KGI Securities (Thailand) projects the SET Index to reach 1,430 by the end of 2026—a 14% upside from current levels, though the brokerage firm remains cautious about the first quarter of the year, expecting the Thai market to trade within a narrow range amid several challenges.
For 1Q26, KGI suggests investors favor large-cap defensive and high-dividend-yield stocks, citing weak macroeconomic momentum, political uncertainty due to the parliamentary dissolution and upcoming elections, and potential volatility in Delta Electronics (Thailand) (DELTA) as factors restraining near-term gain.
The ongoing political vacuum following Prime Minister Anutin Charnvirakul’s decision to dissolve Parliament earlier than anticipated has added uncertainty to the election timeline, particularly in light of Thailand-Cambodia tensions. Meanwhile, DELTA’s significant index weight and tight valuations could introduce further market volatility.
On the global front, KGI notes a relatively positive backdrop, expecting U.S. reciprocal tariffs to have a limited effect on worldwide economic growth, while the investment cycle in AI and data centers supports the global technology sector.
The analyst forecasts a more aggressive monetary easing than market consensus, anticipating the U.S. Federal Reserve will reduce rates by 75 basis points to 3.00% and the Bank of Thailand by 50 basis points to 0.75% by year-end 2026. GDP growth for Thailand is projected at 1.9% in 2025 and 1.4% in 2026.
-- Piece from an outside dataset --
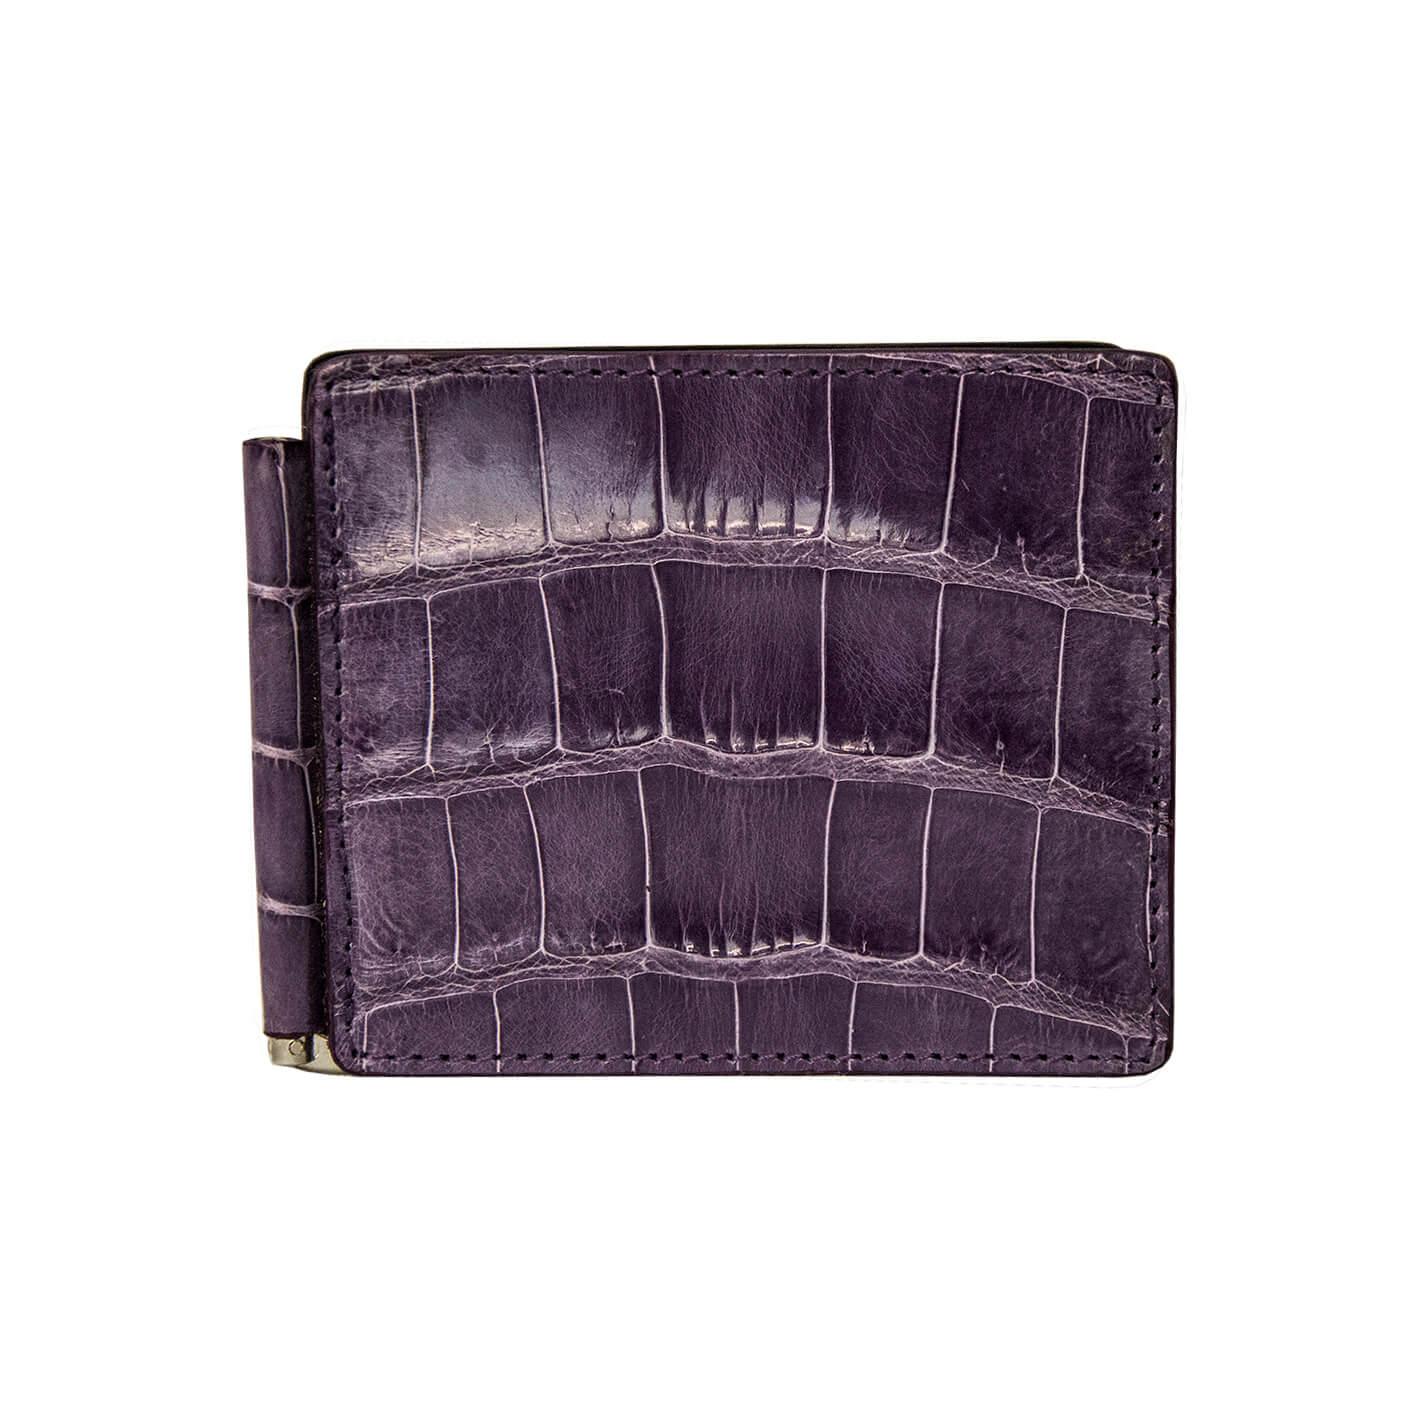 portafoglio uomo coccodrillo viola -portadollari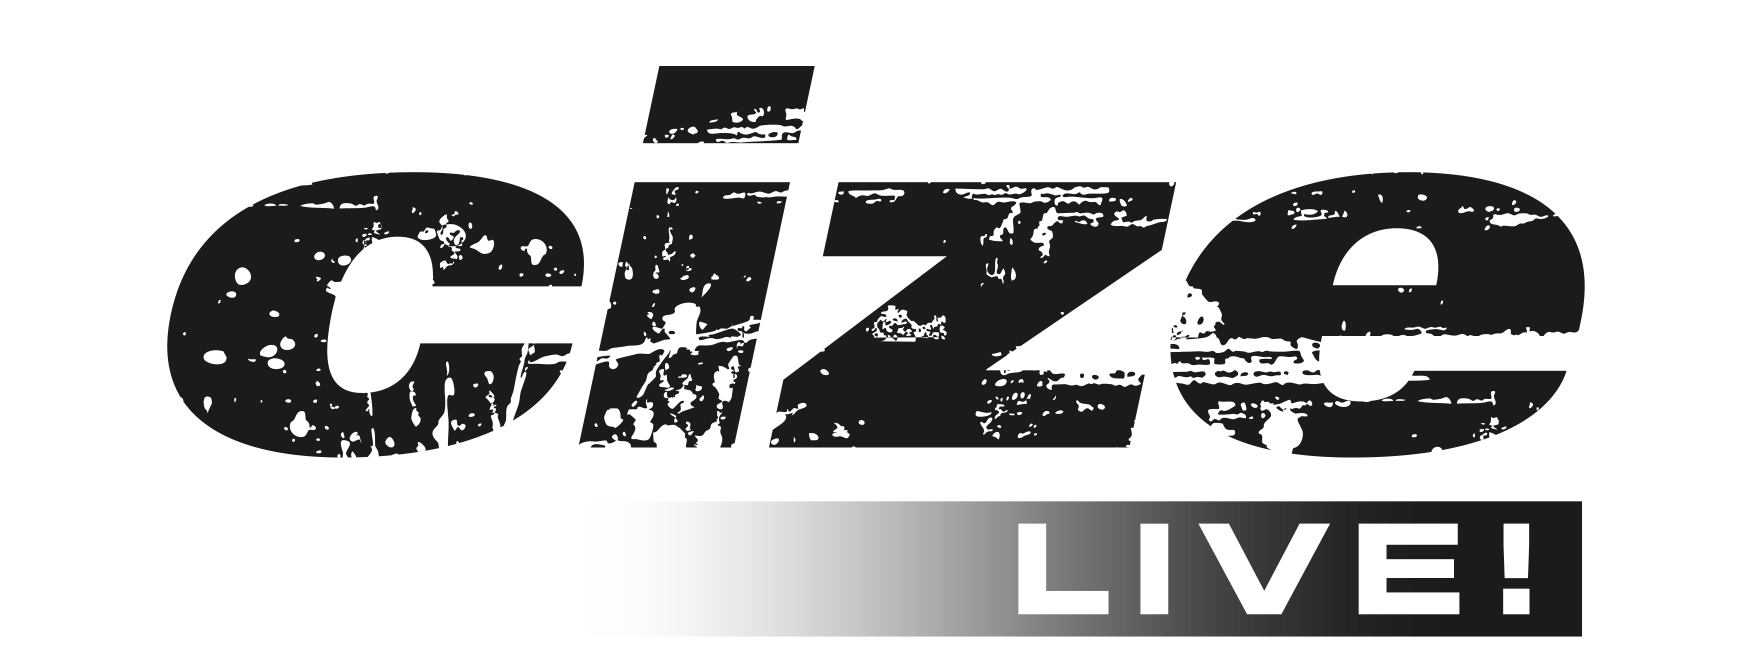 Cize_Live_Logos_Blk

For stock selection in the first quarter of 2026, KGI recommends large-cap defensive dividend plays such as Advanced Info Service (ADVANC), Kasikornbank (KBANK), and PTT. Interest rate-sensitive stocks with solid dividends, like AP (Thailand) (AP), and construction company Stecon Group (STECON)—which may benefit from post-election clarity—are also highlighted.
The outlook turns more constructive for the second half of 2026, as KGI anticipates a stronger market after a new government is established and the effects of monetary easing become more pronounced.
Notably, the Thai baht is expected to appreciate further, potentially averaging 32.0 per US dollar compared to 32.8 in 2025, with strong prospects for increased emerging market and Thai equity inflows later in the year.
Sectors such as consumer and tourism, which were heavily impacted in 2025, could see recovery in 2026, although the brokerage has not yet selected specific picks for these industries in early 2026.